One of the test cases for backup QE is to:
1) Start performing a backup
2) Kill the ns_server erlang process
3) Wait for 'cbbackupmgr' to exit
4) Resume streaming data from the cluster using the '--resume' flag.
At the moment we are seeing cbbackupmgr hang once the erlang process has been killed. When we turn on the debug logging for gocbcore (see 'backup-with-debug-logging-1.log'), we can see that it got the socket read error and tore down the connect, however, this error isn't returned to cbbackupmgr. gocbcore then continues polling the cluster config using CCCP (each time failing with an EOF error).

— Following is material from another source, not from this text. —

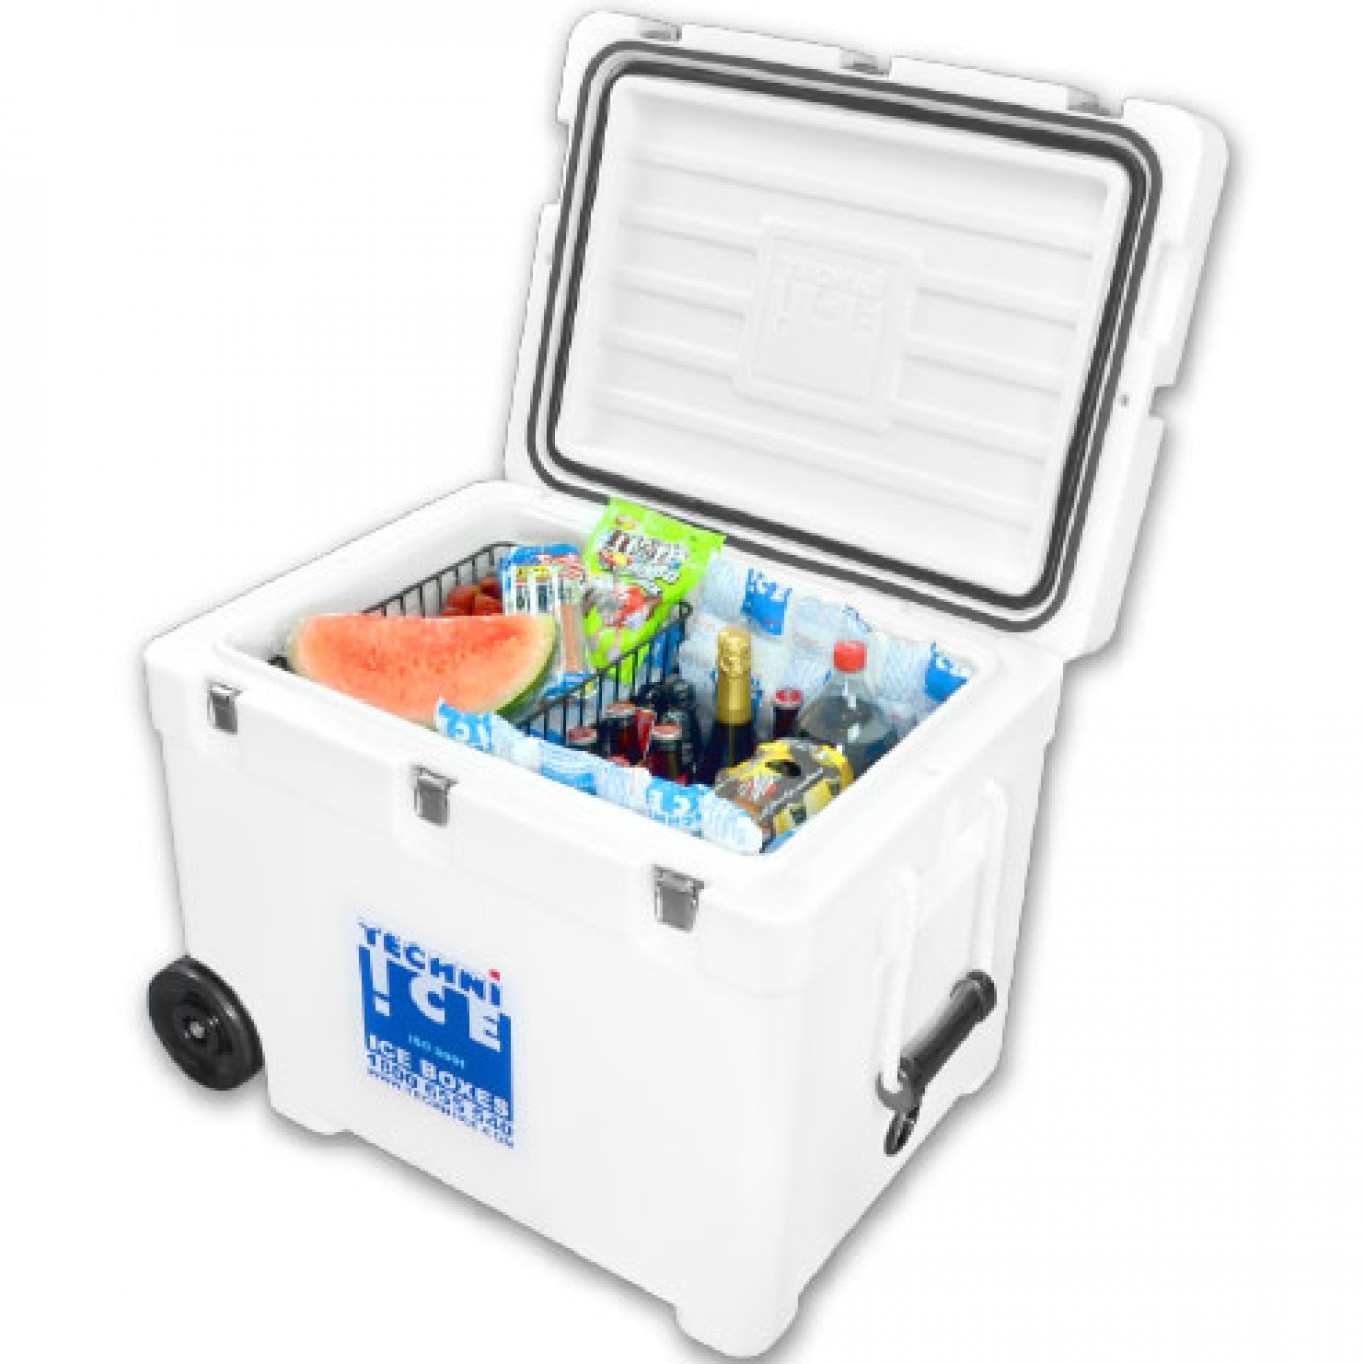 ice cooler box with wheels

Since it's not possible to continue streaming a snapshot after the connection has been lost (a new stream must be opened, at which point you are sent a new snapshot marker) when gocbcore detects a socket read/write error this error should be propagated up to the application.
I've provided a couple of different Go files which can be used to reproduce this issue, you may need to modify the hostname/credentials at the top of the file for it to work correctly.
1) Create a single node cluster
2) Create a single bucket called 'default'
3) Load a decent amount of data into the bucket (>= 1000000 documents)
4) Run 'v9.go'
4a) You should see messages about streams closing with 'n' mutations
4b) Kill the 'beam' process (on Linux 'killall -9 beam.smp' will work)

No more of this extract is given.